🐻 9. Tentang dia 🐻

7.1K 574 18
                                    

Tubuh Edgar membeku serta pandangannya terkunci di dalam tatapan Julia. Sesaat, dahinya berkerut. Ia mengingat kembali pertanyaan yang diajukan gadis itu. Butuh beberapa waktu untuk Edgar mencernanya hingga akhirnya menjawab, "Kenapa nanya?"

"Mau tau."

Edgar memalingkan wajah. Ia menatap Leon yang juga menatapnya. "Empat tahun yang lalu," jawabnya pelan.

Jari telunjuk Julia di dagu. Gadis itu memandang ke atas. "Tujuh belas dikurangi empat jadinya tiga belas. Tiga belas, gue SMP. Lah, kok gue nggak diundang?!" tanyanya dengan terkejut.

Edgar berdiri setelah meletakkan cangkir di meja. Matanya menatap Julia. "Diundang, tapi kamu nggak dateng," balasnya.

"Pas itu gue kemah. Lo kenapa nikah pas gue kemah?"

Helaan panjang dibuat Edgar. Ia berkacak pinggang. "Nggak tau," sahutnya, lalu melenggang ke dapur.

Sepeninggalan Edgar, Leon menatap Julia. Matanya yang jernih penuh rasa penasaran. Ia berhenti minum sejenak untuk bertanya, "Emah apa?"

Julia mengalihkan pandangannya. "Kemah itu nginep di hutan, tapi seru karna banyak cogan," jelasnya.

"Ogan apa?"

"Cogan itu," jawab Julia menggantung. Ia melihat sekeliling. Dirinya butuh contoh agar Leon mengerti, "Cogan itu kayak Daddy."

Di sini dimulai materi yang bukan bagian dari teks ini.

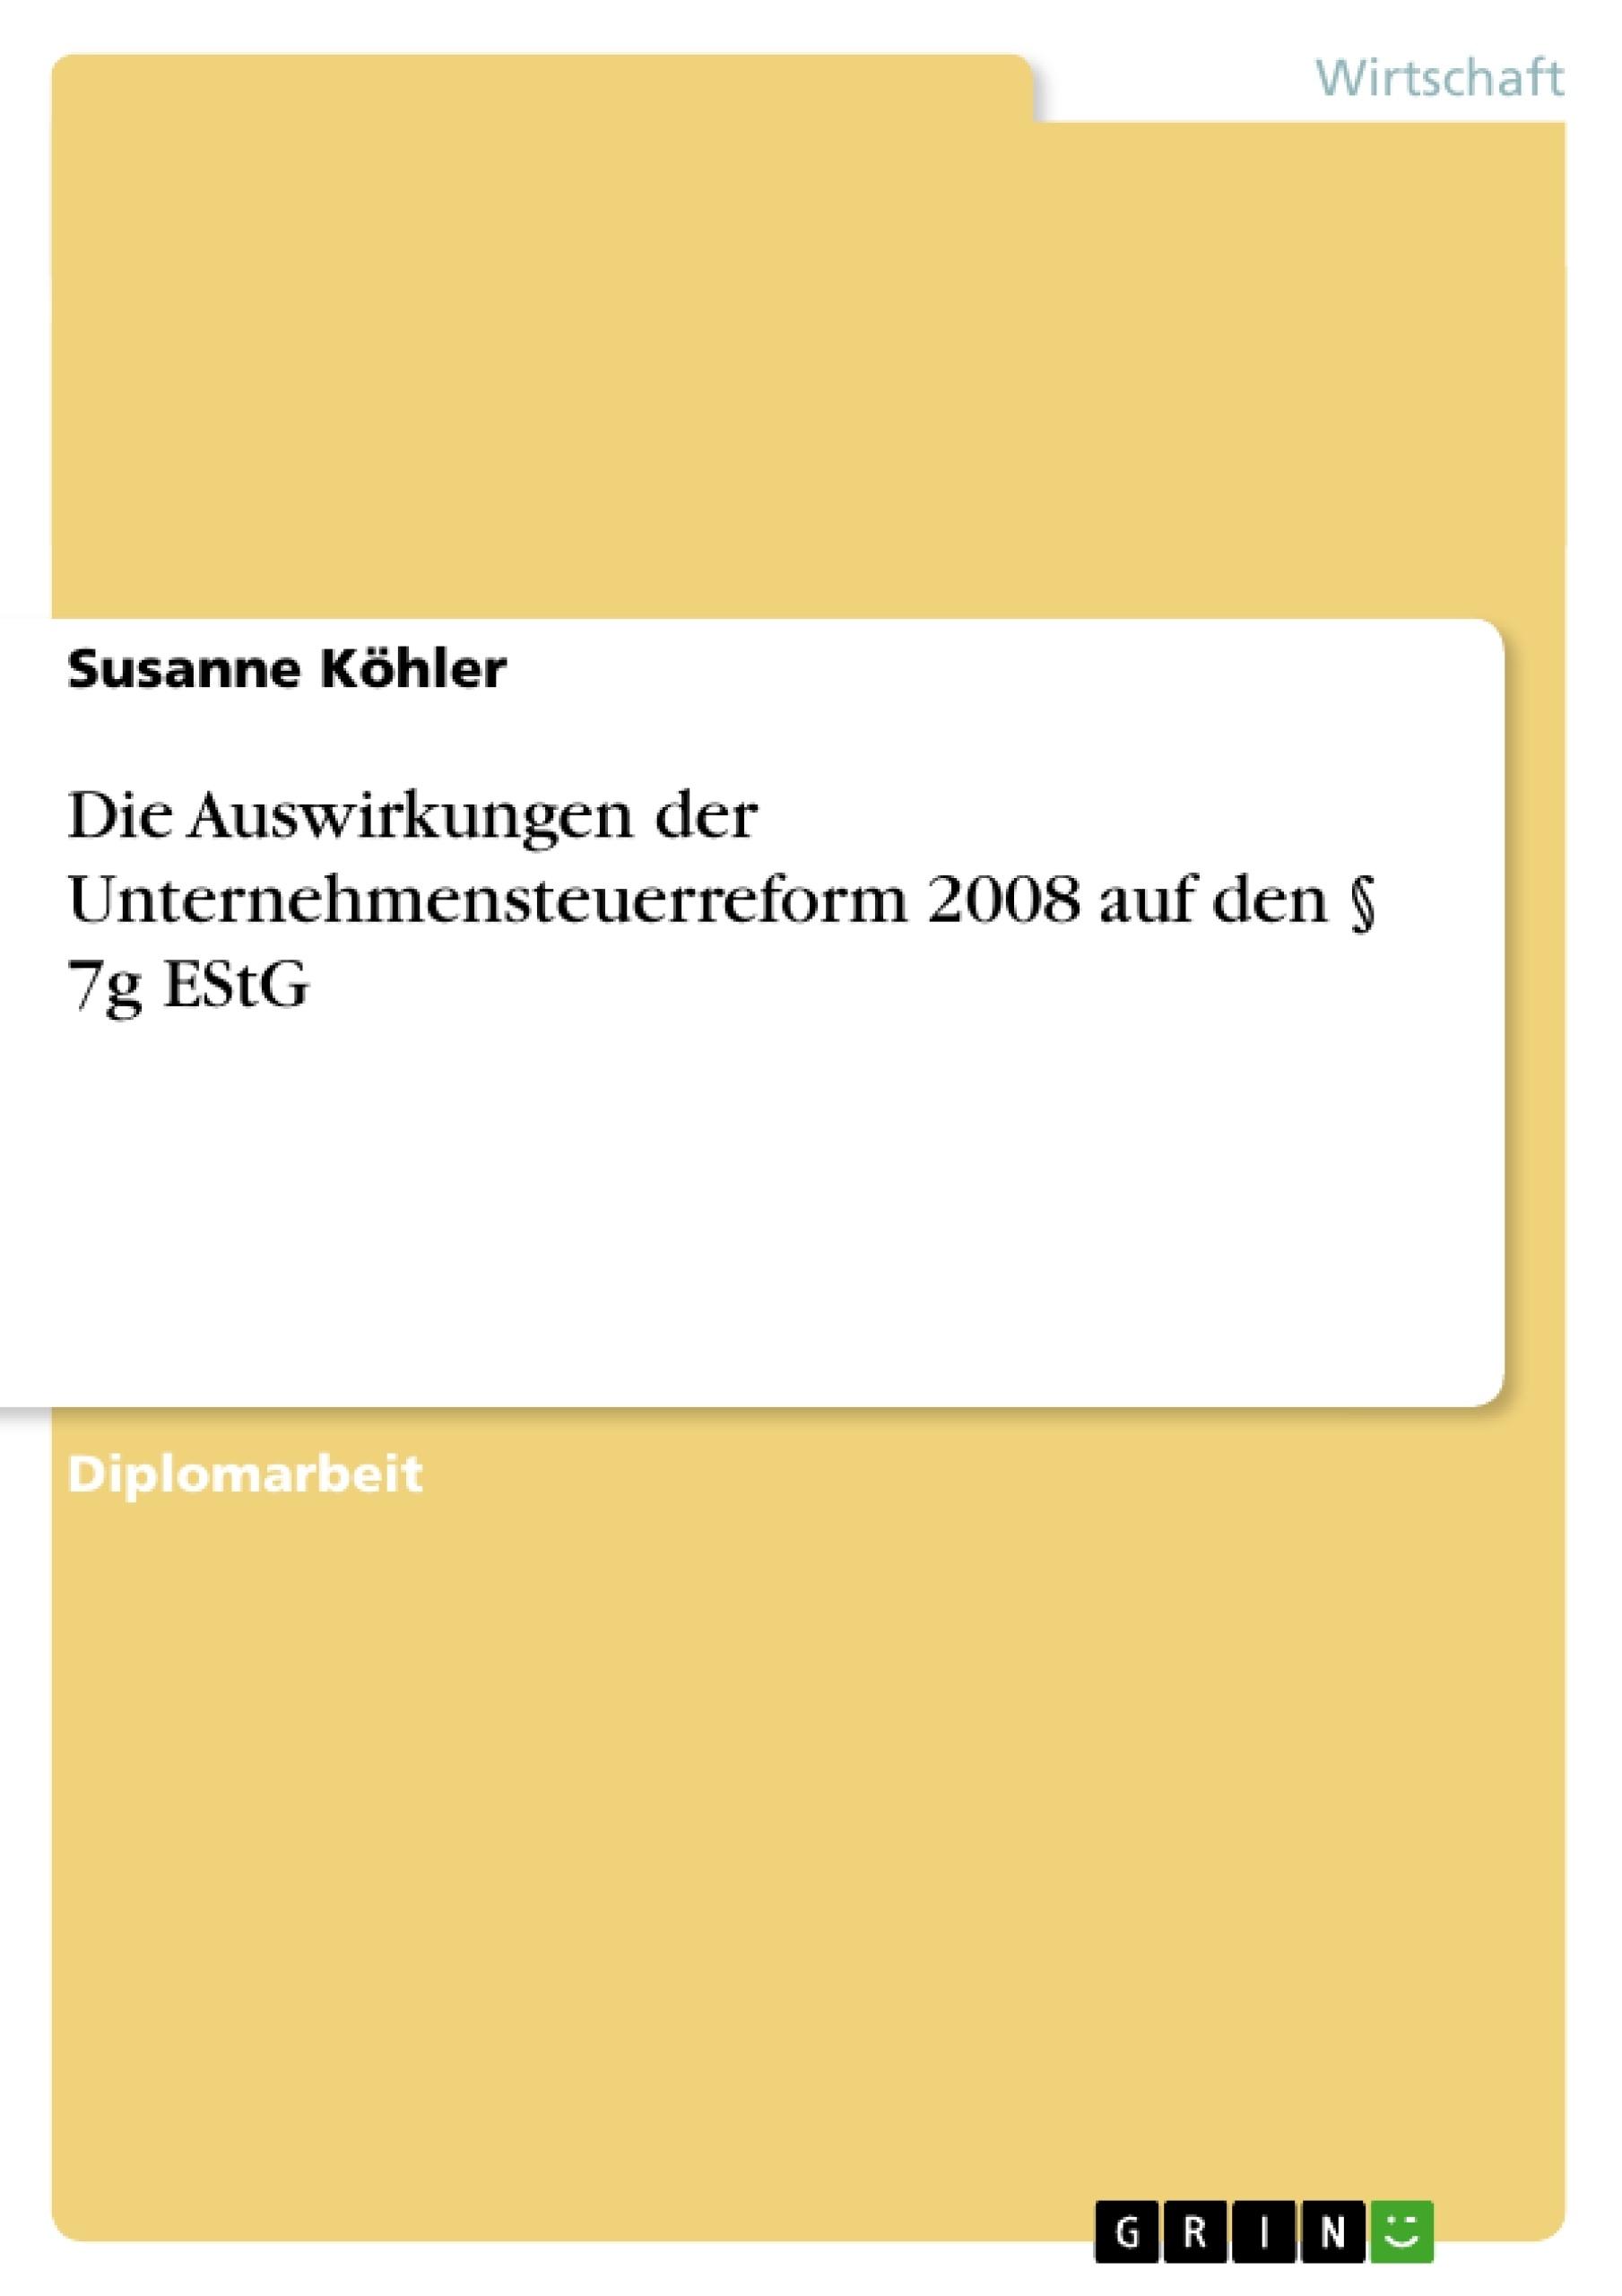 Titel: Die Auswirkungen der Unternehmensteuerreform 2008 auf den § 7g EStG

Telinga Edgar seketika sensitif. Di tengah aktivitasnya menyiapkan camilan, matanya menyipit begitu mendengar namanya disebut. Edgar mendengus. Ngomong apa itu anak?

"Daddy ogan!" seru Leon dan bertepuk tangan.

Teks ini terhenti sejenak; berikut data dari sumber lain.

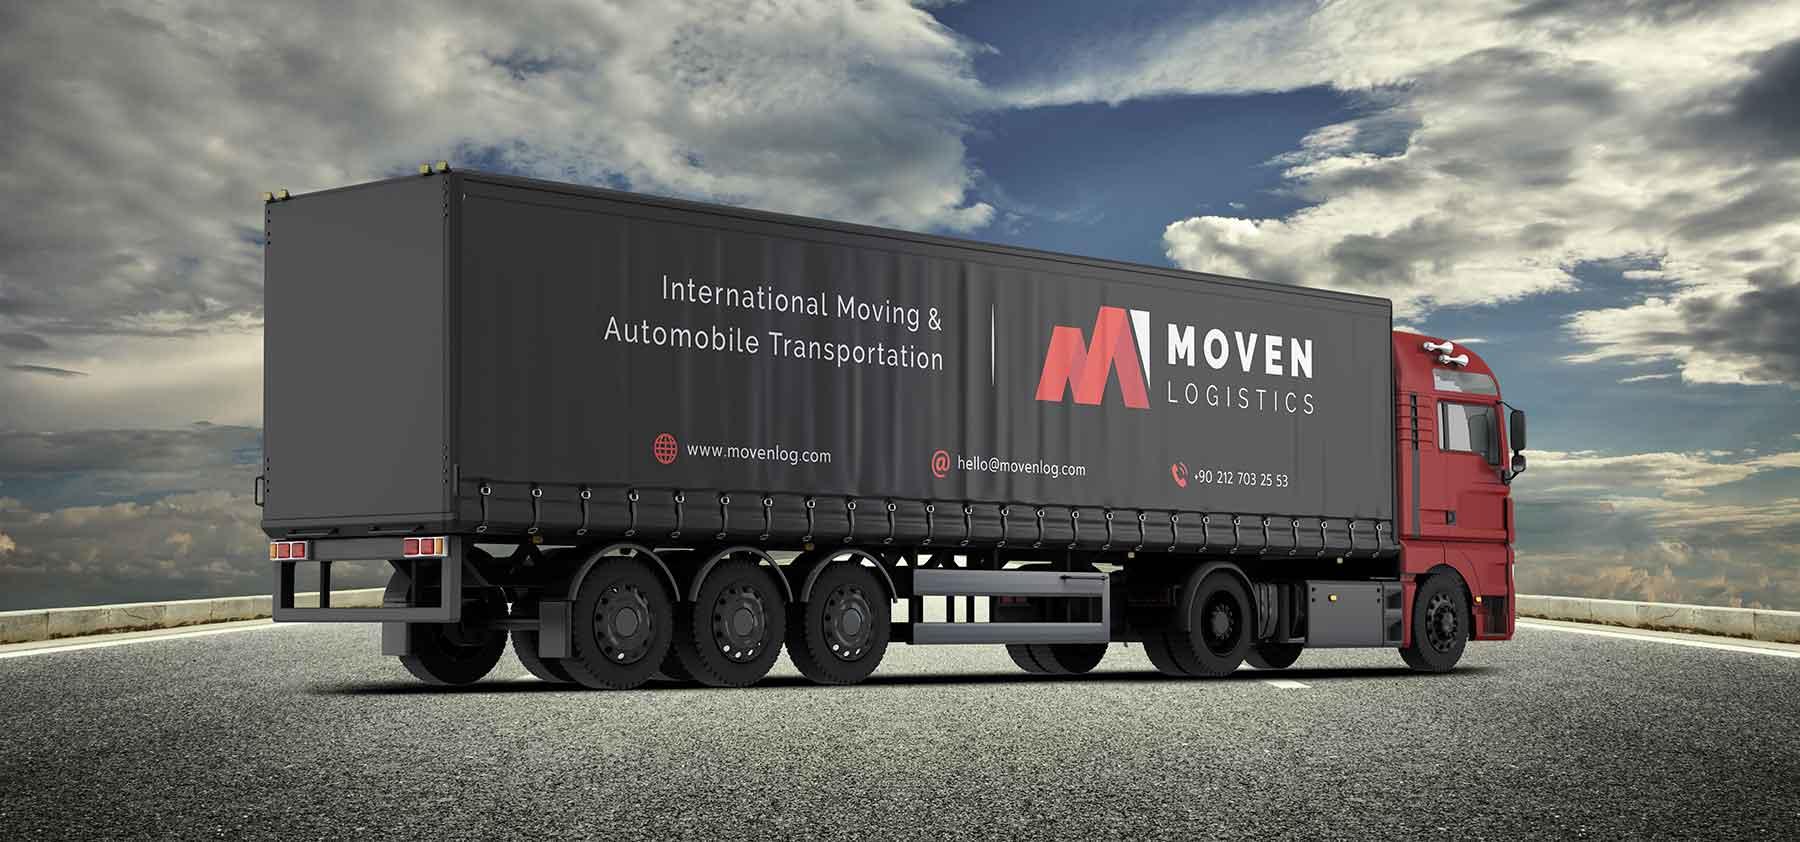 kamyon uluslararası nakliye taşımacılık

Tiba-tiba, gemuruh memekakkan telinga memenuhi bumi. Kedatangannya diiringi cahaya ungu yang terang. Dalam satu kedipan mata, semua lampu di rumah mati. Kini, ruangan itu gelap gulita. Samar-samar terdengar rintikan hujan yang pelan, lalu berubah menjadi deras.

"Mommy ...."

Di tengah kegelapan, Julia merasakan tangan kecil menempel di tubuhnya. Ia tersenyum miring dan memutuskan memeluk Leon. Ketika mendengar anak itu mengadu ketakutan, Julia makin senang. "Leon takut, ya? Sini, sini peluk. Kecil banget sih kamu. Kalo digeprek, jadi apa, ya?" celotehnya dengan hati gembira.

"Apa?"

Suara yang rendah, dingin, dan tidak bersahabat terdengar dari belakang punggung. Julia melihat bayangan besar dengan lampu putih di sekitarnya. Ia meneguk ludah. Tubuhnya berbalik ke belakang. Edgar berdiri membawa senter. Matanya yang setajam pisau seolah tidak sabar menguliti Julia.

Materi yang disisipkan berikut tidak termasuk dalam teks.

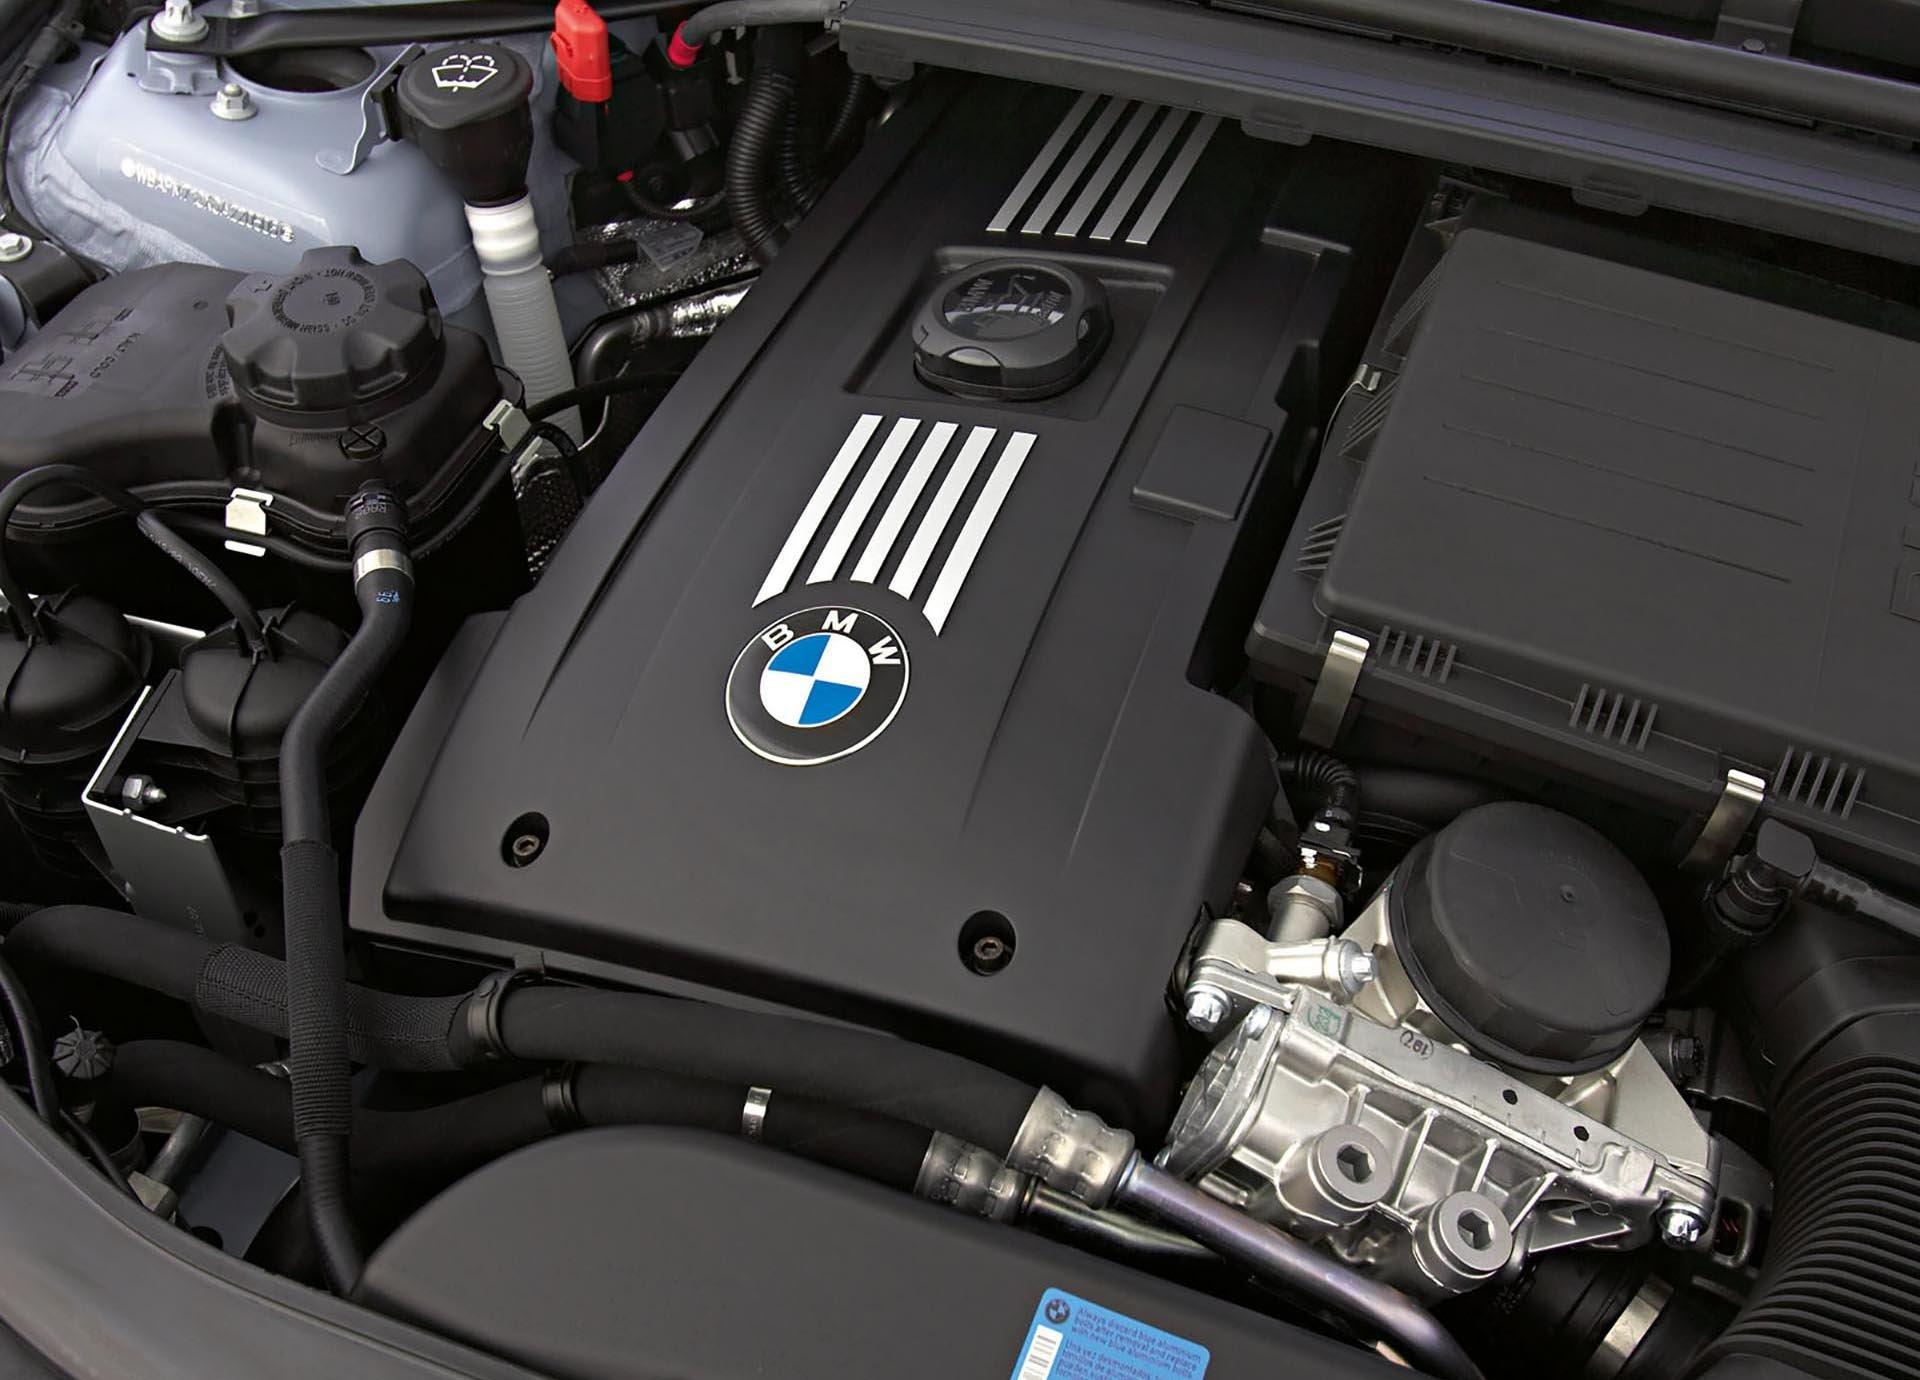 14_BMW_N54 engine bay

Leon mendengar suara Edgar. Anak itu mendongak dan tersentak saat menemukan sosok tinggi di sana. "Daddy?" panggilnya ragu.

"Kenapa, hm?"

"Daddy, gendong."

Edgar mengambil Leon dari Julia. Sebelah tangannya memeluk anak itu. Ia juga memberikan kecupan di pipi tembam itu.

"Eyon atut," adu Leon.

"Daddy di sini. Leon nggak perlu takut."

Tangan Julia terlipat di depan dada. Dirinya sedikit iri melihat interaksi mereka. Namun, ada hal yang lebih penting dari sekadar iri. Ia bangkit dari duduknya. Julia berdiri menghadap Edgar. "Ada lilin atau apa? Nggak mungkin kita gelap-gelapan kayak gini," tukasnya.